* [Exercise details]:
Only the lines below between the one holding "Royal Air Force" and the one holding "Dunaliella salina alga", inclusive, are to be reproduced word for word; the pictures are to be left out.

* [Given records]:
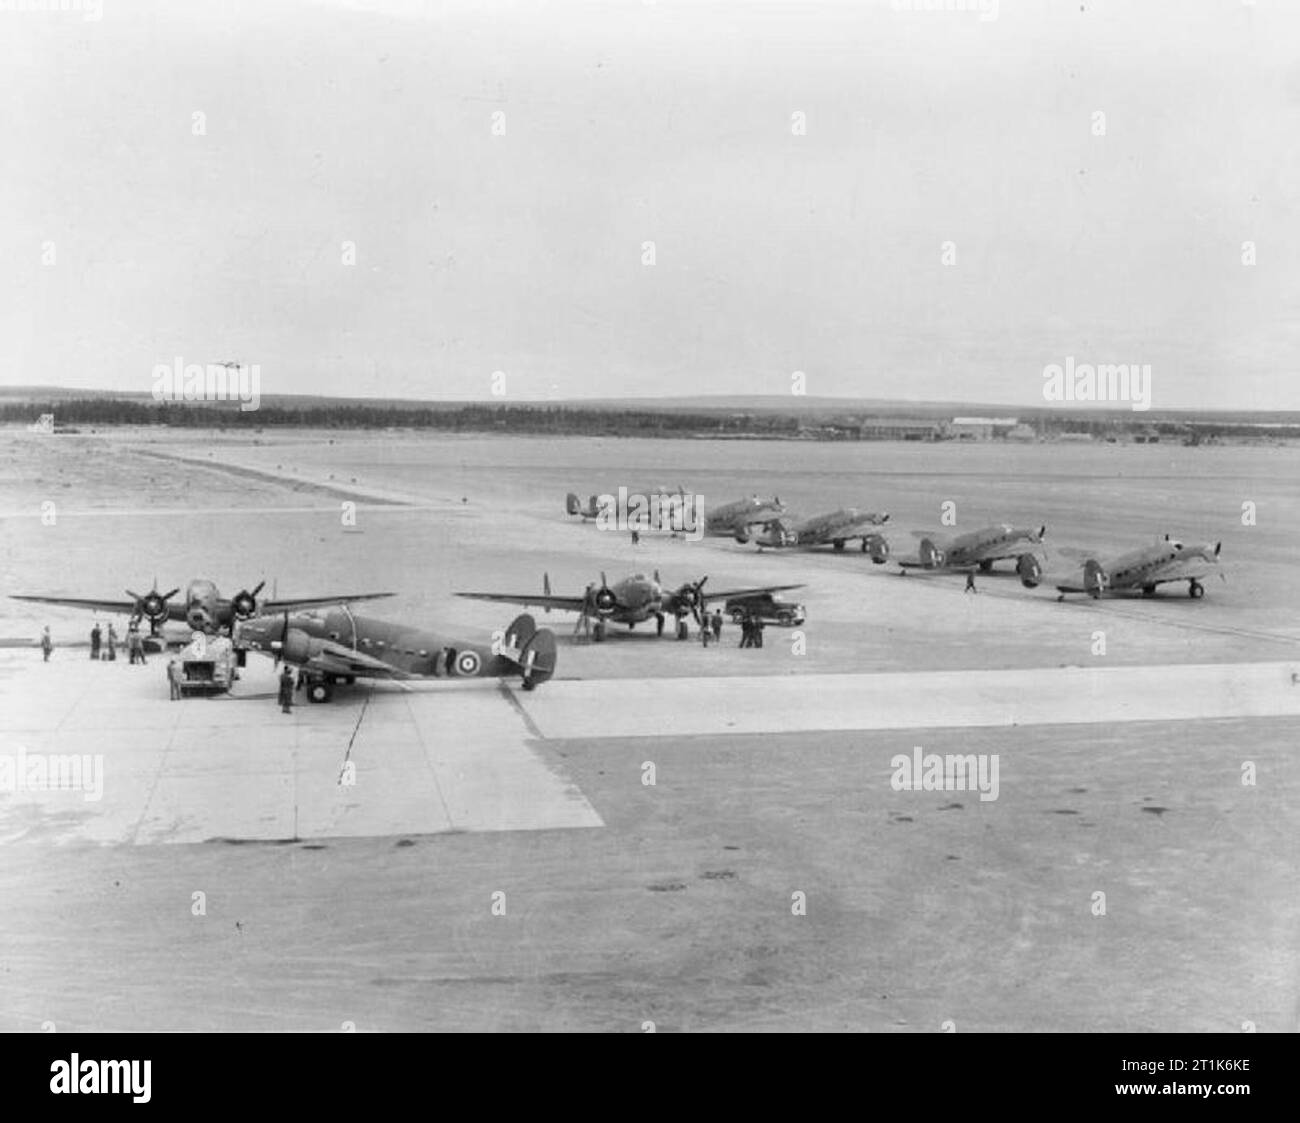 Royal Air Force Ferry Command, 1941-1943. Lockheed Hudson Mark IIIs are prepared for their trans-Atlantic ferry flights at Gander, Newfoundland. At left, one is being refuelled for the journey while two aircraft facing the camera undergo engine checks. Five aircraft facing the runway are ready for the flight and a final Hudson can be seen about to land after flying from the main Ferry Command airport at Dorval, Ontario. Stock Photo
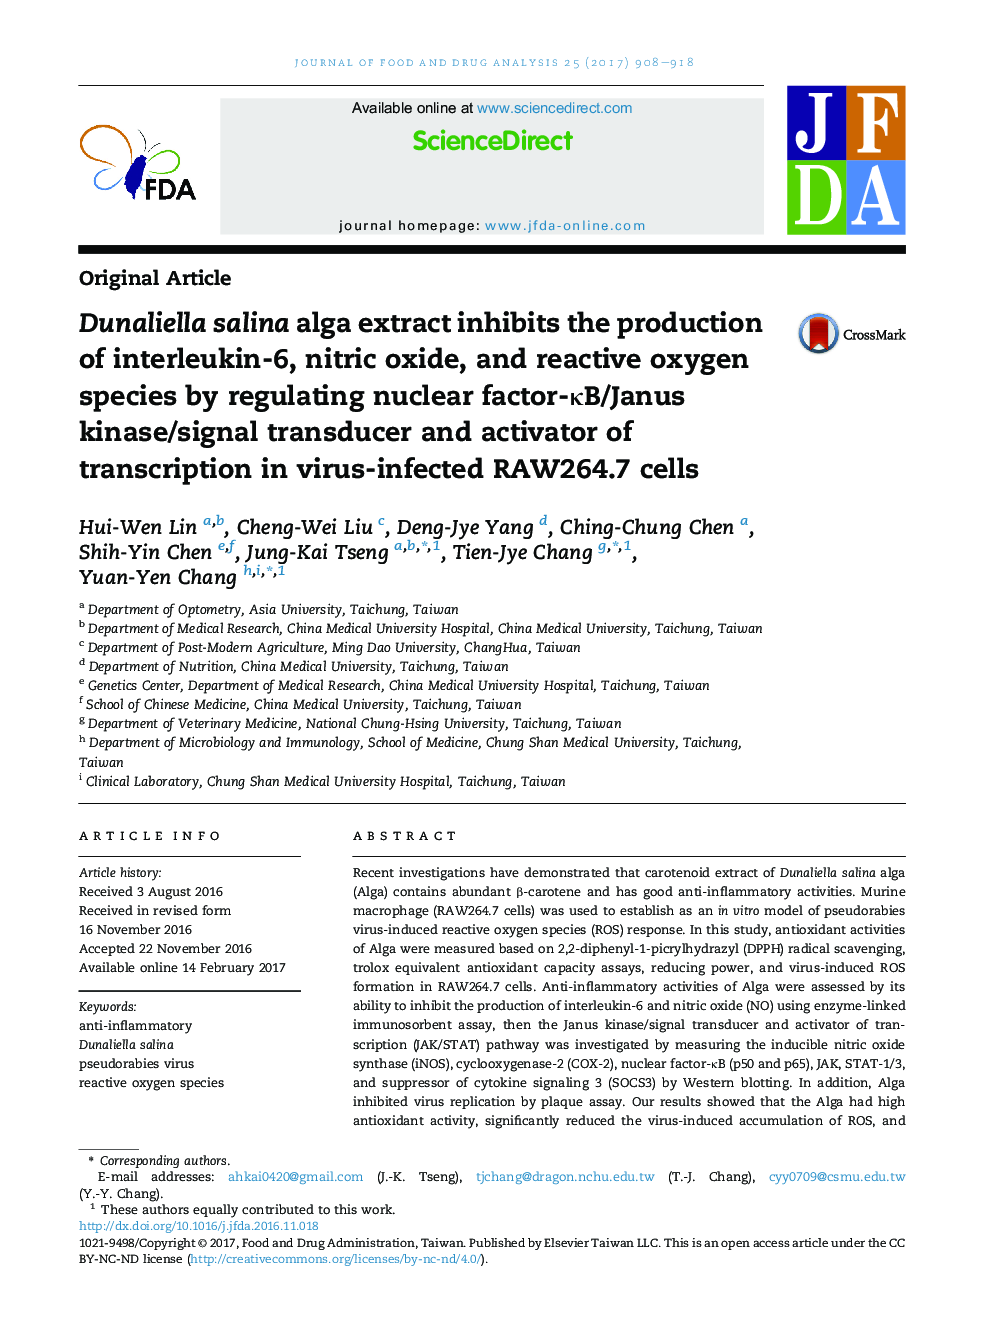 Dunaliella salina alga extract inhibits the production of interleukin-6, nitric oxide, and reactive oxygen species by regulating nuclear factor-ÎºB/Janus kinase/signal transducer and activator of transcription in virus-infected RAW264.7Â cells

* * *

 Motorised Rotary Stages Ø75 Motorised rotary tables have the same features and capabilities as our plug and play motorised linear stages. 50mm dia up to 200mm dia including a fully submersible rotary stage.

---

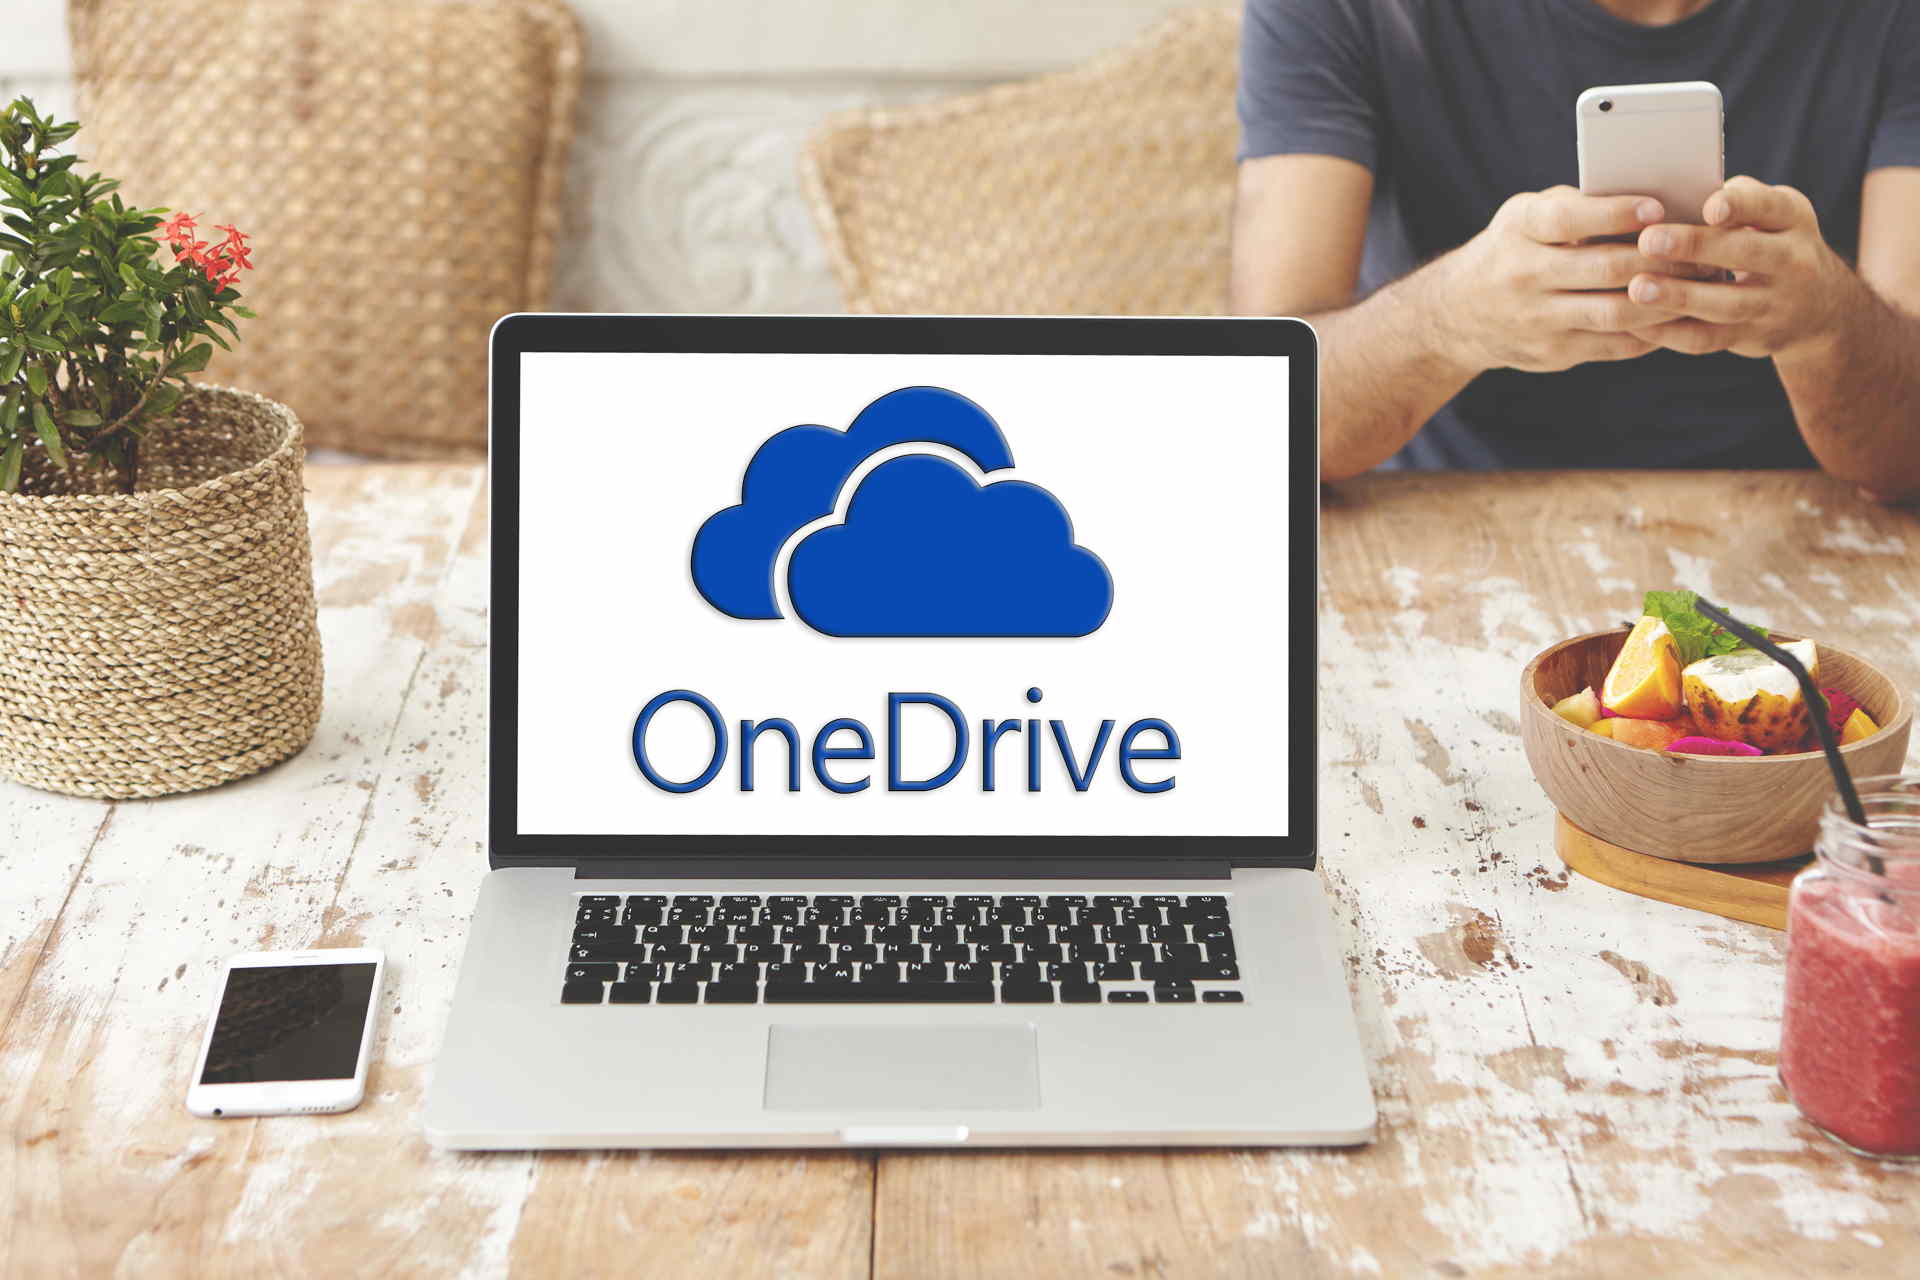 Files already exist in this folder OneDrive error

* [Reply]:
 Royal Air Force Ferry Command, 1941-1943. Lockheed Hudson Mark IIIs are prepared for their trans-Atlantic ferry flights at Gander, Newfoundland. At left, one is being refuelled for the journey while two aircraft facing the camera undergo engine checks. Five aircraft facing the runway are ready for the flight and a final Hudson can be seen about to land after flying from the main Ferry Command airport at Dorval, Ontario. Stock Photo
 Dunaliella salina alga extract inhibits the production of interleukin-6, nitric oxide, and reactive oxygen species by regulating nuclear factor-ÎºB/Janus kinase/signal transducer and activator of transcription in virus-infected RAW264.7Â cells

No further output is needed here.